The cleverness in arranging the false proof in the second link is that of blithely using $+$ to disguise the fact that you are really talking about $\cup$ and $\cap$ (union and intersection). Working with real numbers it is easy to go from $AB=0$ to "either $A=0$ or $B=0$."
Working with events or probabilities that reasoning is not valid.
It is indeed very easy to find events $M$ and $N$ such that
$P(M \cap N) = 0$ yet neither $P(M)$ nor $P(M)$ is zero.
For example, choose an integer $i$ uniformly randomly on $[1,10]$. Let event $M$ be "$4<i<9$" so $P(M) = \frac25$. Let event $N$ be "$i$ is a perfect square
" so $P(N)=\frac{3}{10}$. Here, $P(M\cap N) = 0$.
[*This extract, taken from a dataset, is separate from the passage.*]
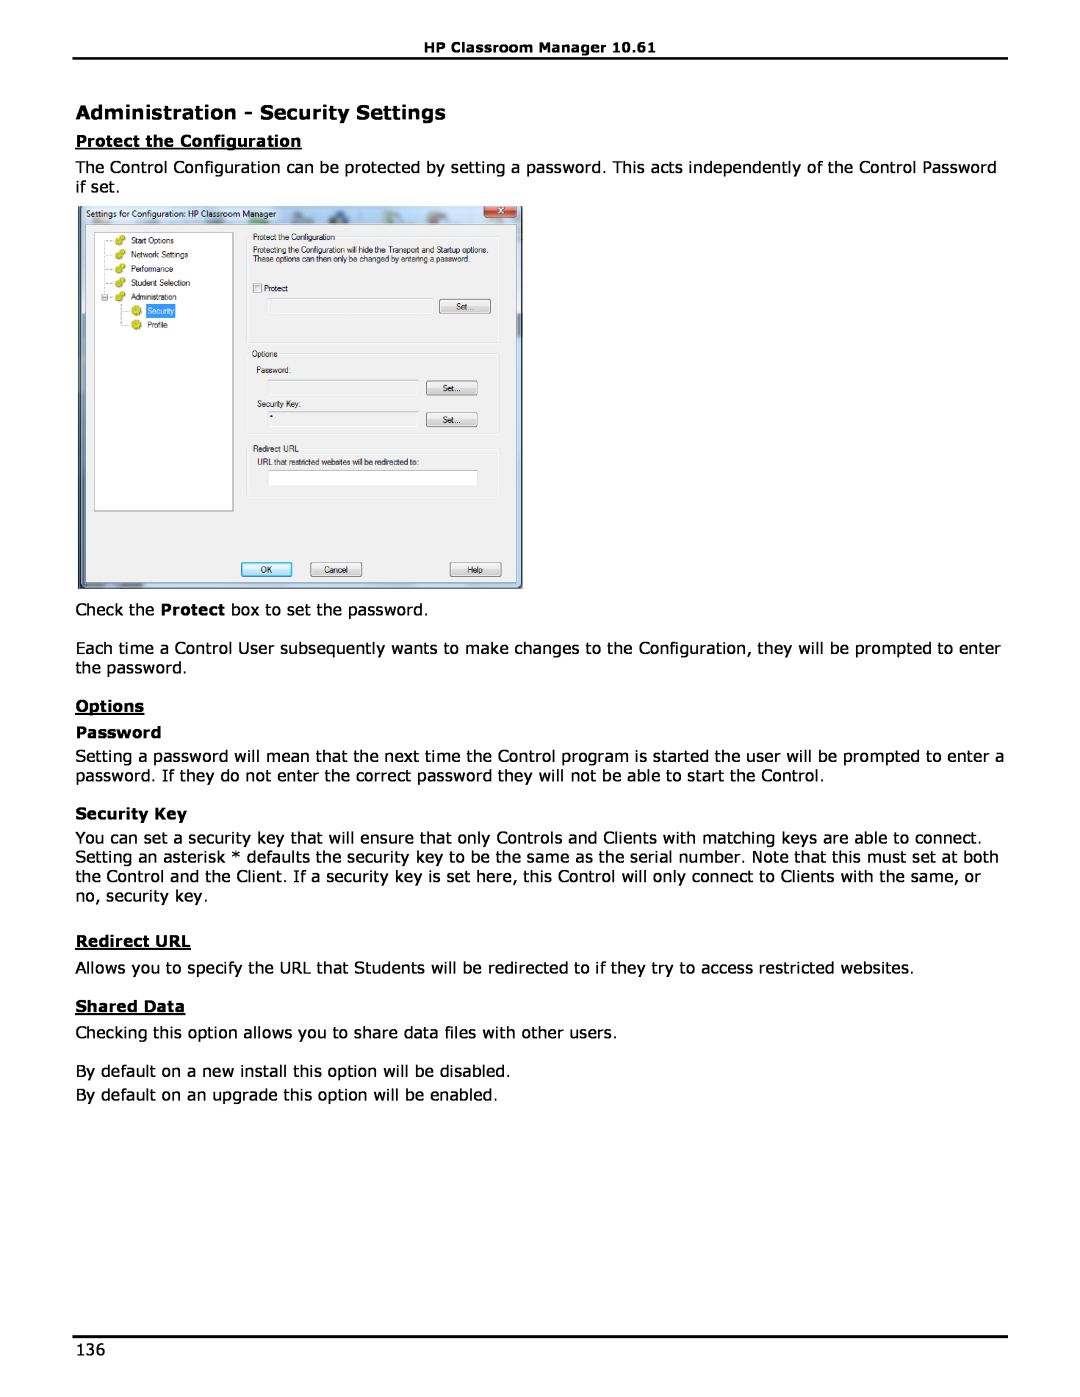 HP Classroom Manager manual Administration - Security Settings, Protect the Configuration, Options Password, Security Key

I would also have to say that for two reasons it is prohibitively unlikely that Fermat had this proof in mind. The first is that its flaw is so easy to spot; Fermat was neither careless nor dull. The second is that it would easily have fit in the margin; much longer proofs were provided in that way.
Personally, I believe that Fermat's flawed proof was the one that would work if all complex integer fields were unique factorization domains; that is the sort of mistake (not anticipating a subtle and surprising future discovery) that a first-rate mathematician is vulnerable to.